CHICO, Calif. - Chico State University's Director of the School of Education believes a Tehama County Superintendent candidate's claims to have the equivalent to a master's degree from the university is a misrepresentation of information.
Over the past 15 years, close to 500 students have received a master's degree in education from Chico State University.
"Primary program for educational leadership and administration and we do take a lot of pride in that," said Dr. Deborah Summers, Ed.D., Director of the School of Education.
Summers has served as the director for the past ten years, and has been in the field of education for more than 30.
"We need to preserve the integrity of our programs and degrees," said Summers.
So when Summers heard that Charles Allen claimed to have a master's degree from the department she was shocked.
"He does not have what I would consider to be an equivalent," said Summers.
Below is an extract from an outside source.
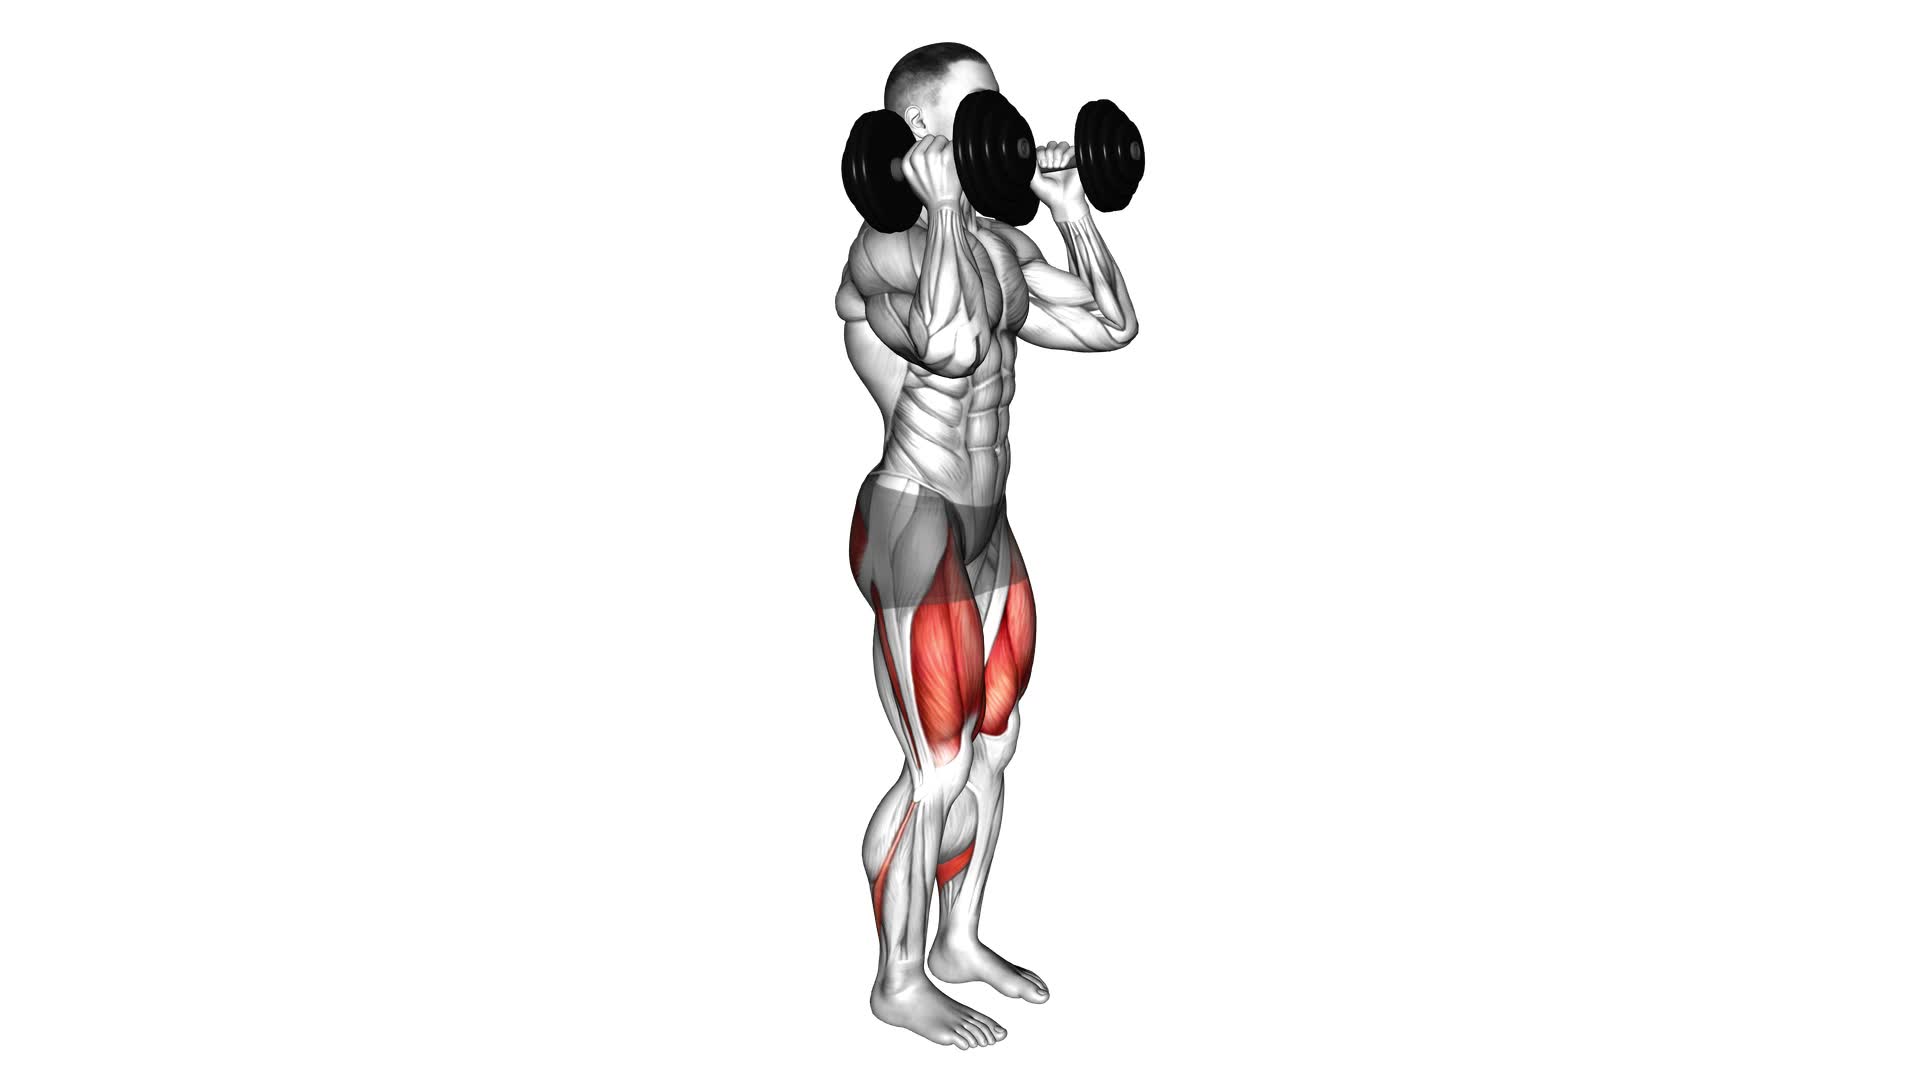 Dumbbell Kneeling Hold to Stand Clean Grip - Video Exercise Guide & Tips
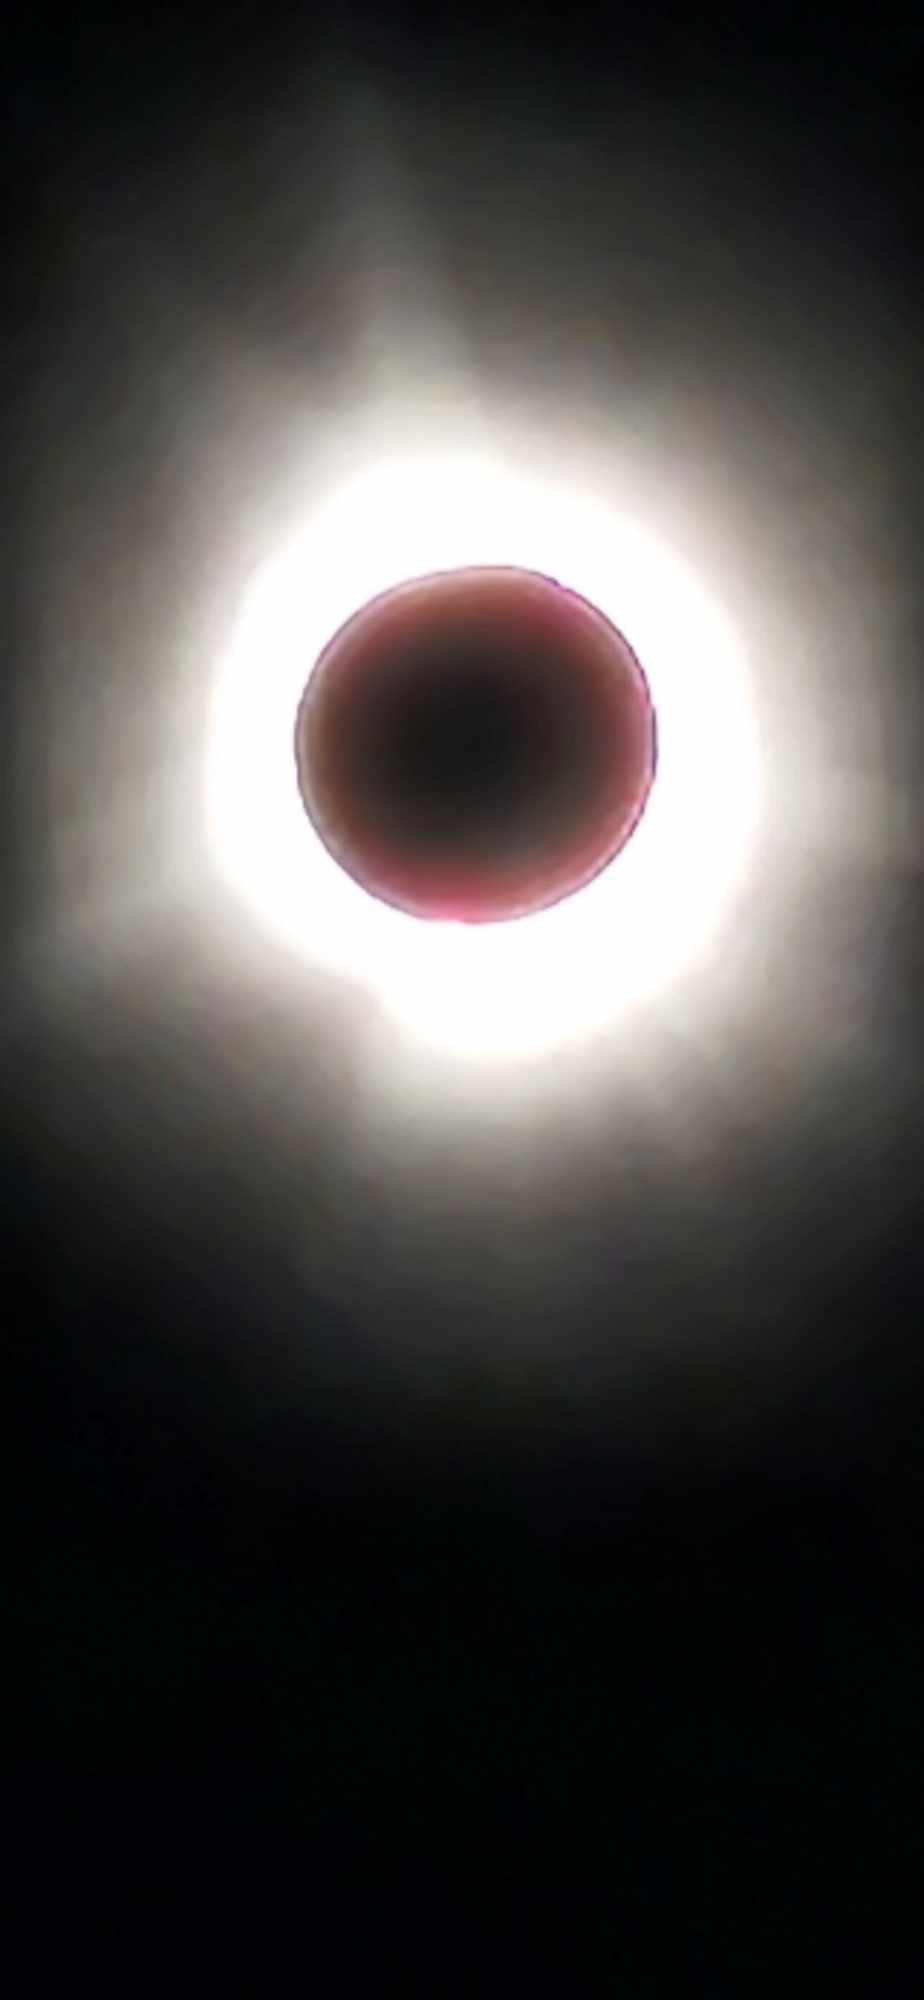 Photo of the eclipse

In 1997, Allen completed the courses for a Preliminary Administrative Services Credential and then in 2004, a Clear Preliminary Administrative Services Credential. This allowed him to act as an administrator in a K-12 setting. From Allen's records, it shows he intended to go for the master's program, but never finished the essential requirements.
"It's everything, that's the difference between taking courses and being persistent and committed and achieving excellence within a certain discipline," said Summers.
Since this is considered a rigorous program, Summers said it's not uncommon for people to drop out. However, she has never seen anyone claim to have a master's degree or equivalent when they didn't in fact meet the criteria.
"Devalues the degree for all those who persist. In part, it is about the discipline, the persistence. It's about the level of achievement and rigor and it makes me sad," said Summers.
The election for Tehama County Superintendent is on June 3, 2014. KRCR News Channel 7 reached out to Charles Allen's office for comment on this story, but have not heard back.